La liste des figures imposées, bien que non exhaustive, est fournie. Pour être un bon coup il faut se montrer entreprenante et attentive, active et un brin passive, se mettre dessus / dessous / sur le côté/ à genoux / sur la tête, alouette, faire durer l’acte entre 7 et 13 minutes, japper son plaisir. Bien évidemment, on n’oublie pas d’être résolument fellationniste du fameux plaisir de la fellation, du latin : fellatio.
Ainsi, pour jouer une bonne partition de jambes en l’air, il faudrait avoir toutes les compétences d’une hardeuse slovaque sous psychotropes.
De quoi regretter ces temps pas si anciens où les bombes sexuelles, qui avaient alors toute l’estime de l’organe reproducteur masculin pouvaient se contenter de posséder une paire de gros seins et de garder la bouche ouverte.
À l’époque, on savait apprécier la simplicité, aussi rudimentaire soit-elle. Pour argumenter le discours du bon coup,tous les coups sont permis, y compris celui de ressortir l’épouvantail de la libération féminine (fort pratique dans ce cadre) et de s’appuyer sur des conclusions d’enquêtes et d’études plus ou moins scientifiques, plus ou moins foireuses cherchant à décrypter les mystères du désir et du plaisir à grand renfort de chiffres. Parce que c’est important, les chiffres.
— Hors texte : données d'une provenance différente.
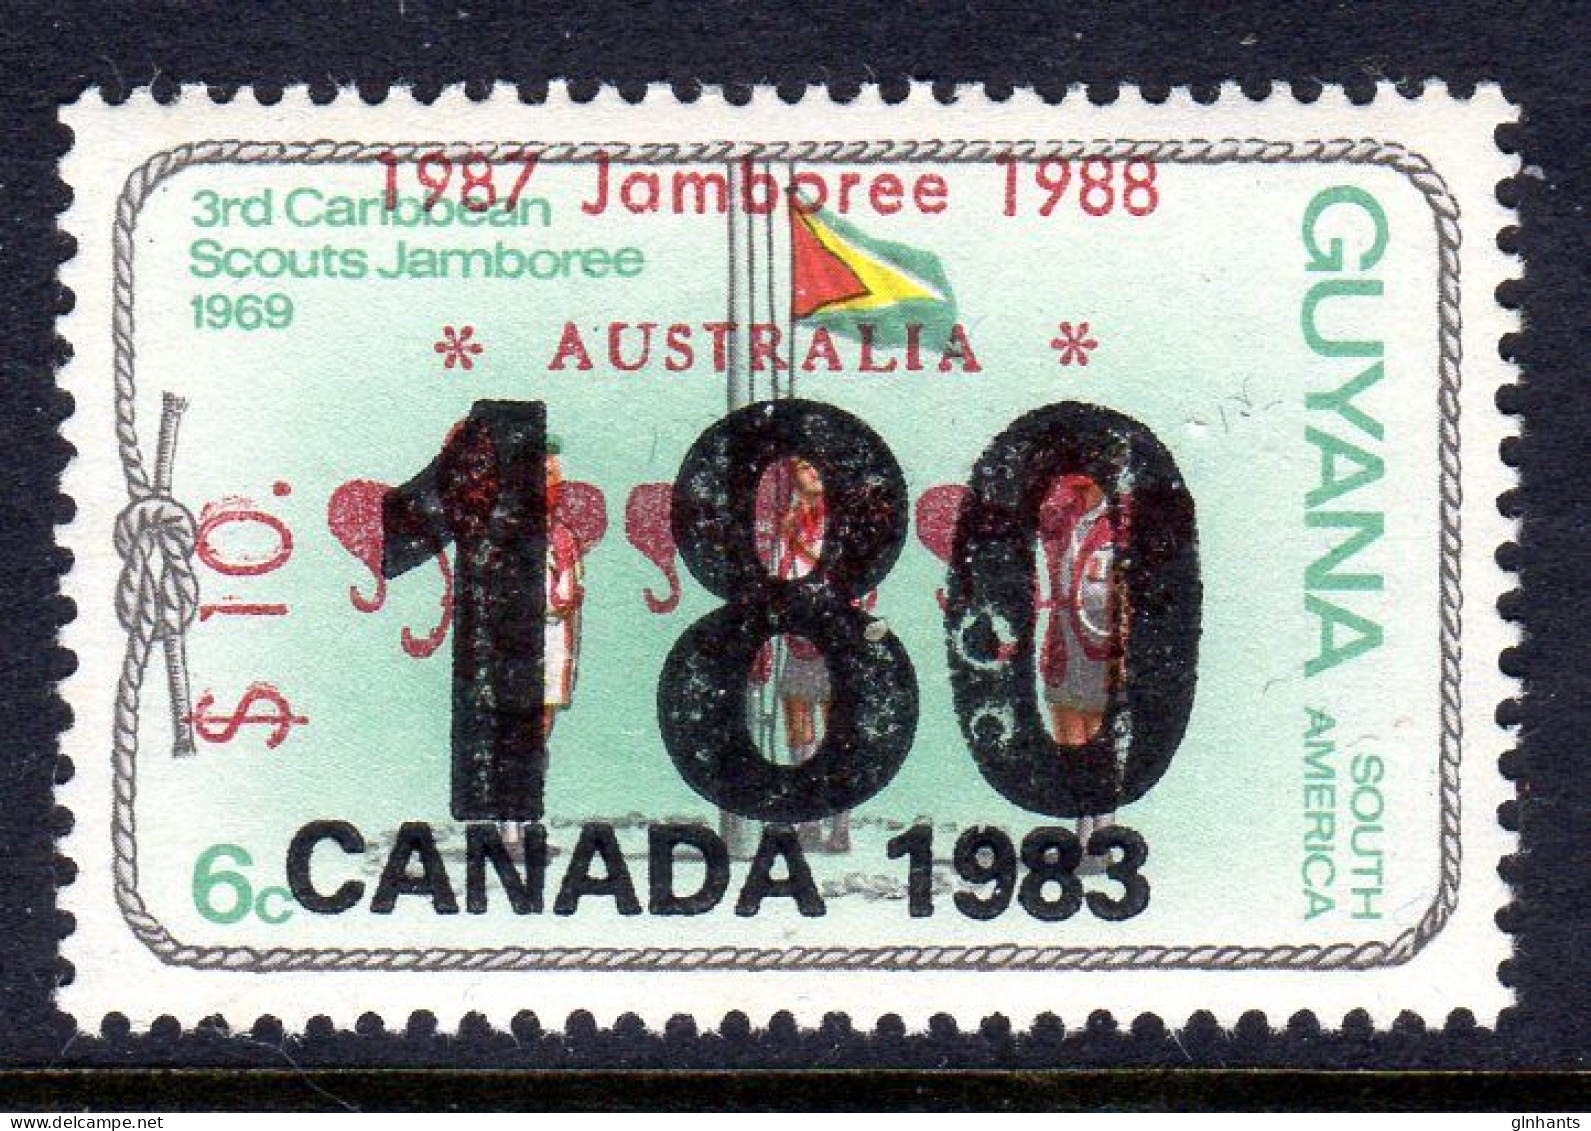 GUYANA - 1988 $10 ON 180 ON CANADA 1983 AUSTRALIA JAMBOREE OVERPRINT FINE MNH ** SG 2268 - Guyane (1966-...)

Ça fait sérieux, c’est indiscutable, les chiffres.

C’est la preuve ultime, les chiffres. « Selon les chercheurs de la Mytho University of Kansas, lécher le coude de son partenaire augmenterait de 94 % sa jouissance. Ah. Et nous d’éprouver cette désagréable sensation d’être l’otage de la vision sociale d’une sexualité normée et idéalisée passant obligatoirement par les registres de la performance et du résultat dans un décorum de film X. Dire non au diktat du bon coup, c’est donc avant tout refuser de se restreindre à ce spectre d’une vie sexuelle épanouie car en réalité, elle n’est autre qu’un concept étriqué dans un slim sans élasthanne. Autrement dit, ça manque de confort et de souplesse. Mais aussi,sous couvert mettre en lumière les bonnes pratiques pour assurer au lit (genre, c’est pour nous rendre service), c’est l’obligation de faire de chaque coup un coup de maître qui nous est enjointe de supporter. Il y a presque de l'héroïsme là-dedans, mais honnêtement on n’en demandait pas tant. Car, sauf le respect de nos partenaires, quand on fait l’amour, c’est pas pour nous coller la pression, stress allant rarement de pair avec plaisir. Au jeu de l’amour, il n’y a aucune médaille à gagner. Et si on tente un double salto arrière, c’est plus une question d’inspiration du moment, parce que ça nous fait du bien, que pour décrocher un 10 pour la qualité de la réception avec en commentaire Bravo, t’es un super coup. Je reviendrai l’année prochaine. C’est en s’affranchissant de la sommation au bon coup et de son lot d’applications techniques que l’on peut se révéler, offrir à l’autre ce dont on se sent capable, ce qui pourrait selon nous le et nous ravir. En bref, donner le meilleur de nous-même. Et puisqu'on parle d'émancipation, il faut aussi aborder l'idée de liberté tout court. Car après tout, ce que nous faisons dans un lit et avec notre corps nous concerne nous, notre liberté de choix et d’action. Des notions que la tyrannie du bon coup piétine allègrement des deux pieds. Dommage, on a toujours été en conflit avec l’autorité mal placée. Alors, n’ayons aucune culpabilité à nous laisser balloter comme des étoiles de mer par avis de tempête ou à se la jouer pépère en mode missionnaire si le coeur et le point G !— nous en disent.
Et fellationnons. Si envie seulement.